Les archives de l'année 2001 - Juin

De: Michel MONOT <magui@offratel.nc>
À: Liste PMEV <pedagogie-maitrise@yahoogroups.com>
Objet: [PMEV] Pour les infatigables
Date : lundi 25 juin 2001 06:51

Pour les infatigables comme pour ceux qui sentent fondre leur fatigue à
l'approche des vacances, une petite analyse (parfois critique) d'un
documment du CNED sur l'espace scolaire. S'ils ont encore le courage de
réagir sur un point ou deux, leur avis me sera très précieux.

Merci.

MM
  
Un espace étriqué  
Qui entre dans une classe est frappé du territoire exigu (1) dont disposent les élèves. Une chaise, un bureau, le tout sur une surface de moins d’un mètre carré. Et il est fréquent que dans certaines classes, l’enseignant ne puisse circuler entre les tables, tant le cocon est plein.
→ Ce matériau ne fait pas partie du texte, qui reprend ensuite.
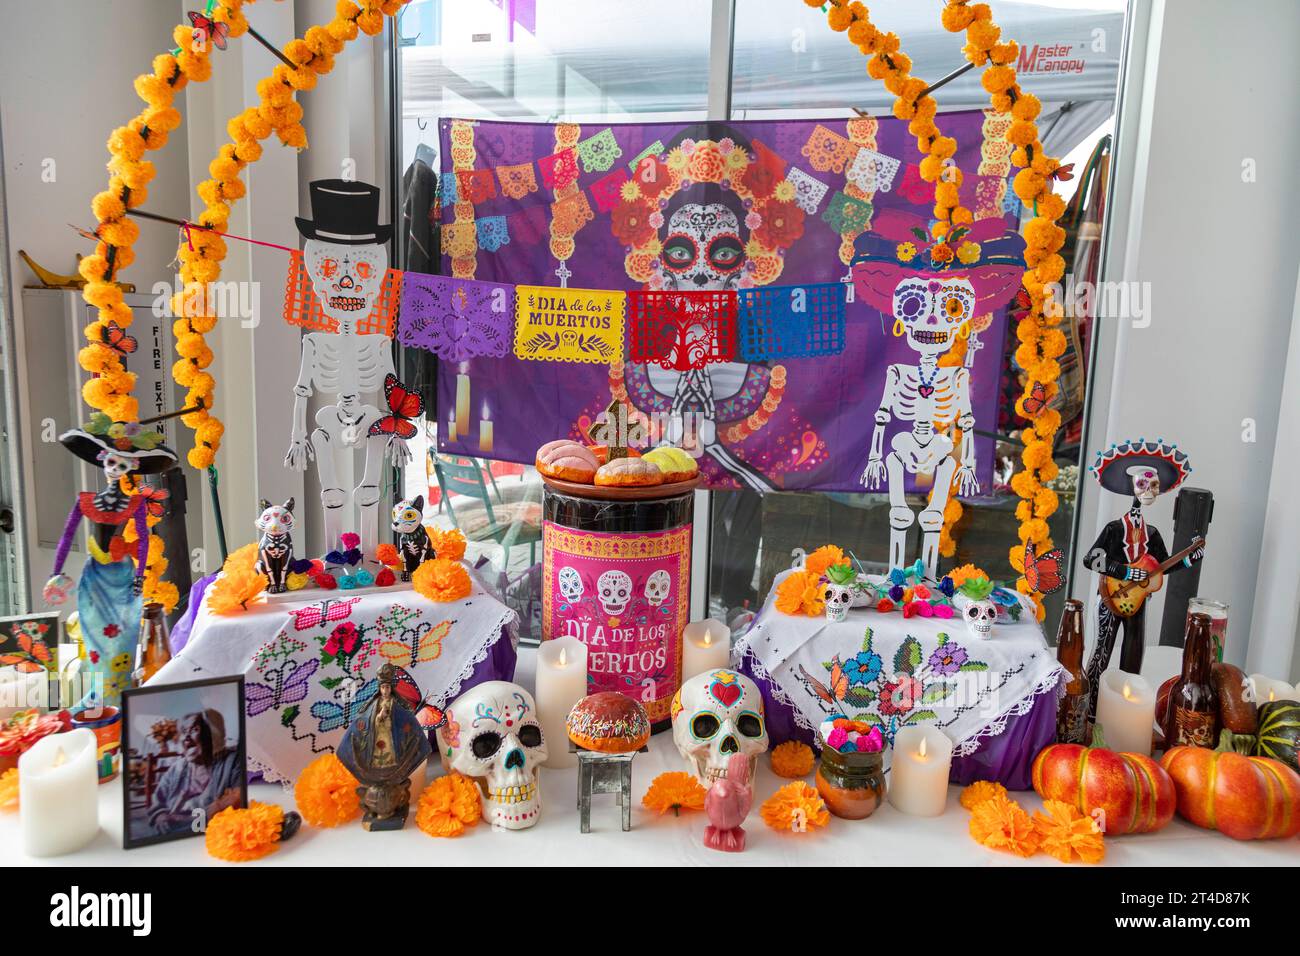 Detroit, Michigan - An ofrenda (altar) honoring the dead at the Day of the Dead celebration at Valade Park on the Detroit Riverfront. Stock Photo

Qui inventera un jour des bureaux superposés à la manière des lits, peut espérer un marché! Les éthologues ont montré sur les rats, qu’en en disposant un nombre toujours plus grand dans le même espace, se développent des réactions d’agressivité (2). Les difficultés de la communication proviennent aussi des effectifs scolaires. Quel temps de parole (3) est encore possible dans le cas de l’apprentissage d’une langue étrangère avec une classe de première de trente cinq élèves ? Moins de deux minutes évidemment en une heure de cours. (1) Il est difficile de définir les normes souhaitables et, dans ce domaine, le "mieux" n'est jamais un luxe. Sans demander l'impossible, la PMEV a ses propres exigences : elle nécessite un minimum de possibilités de circulation pour accéder dans de bonnes conditions aux fichiers de travail.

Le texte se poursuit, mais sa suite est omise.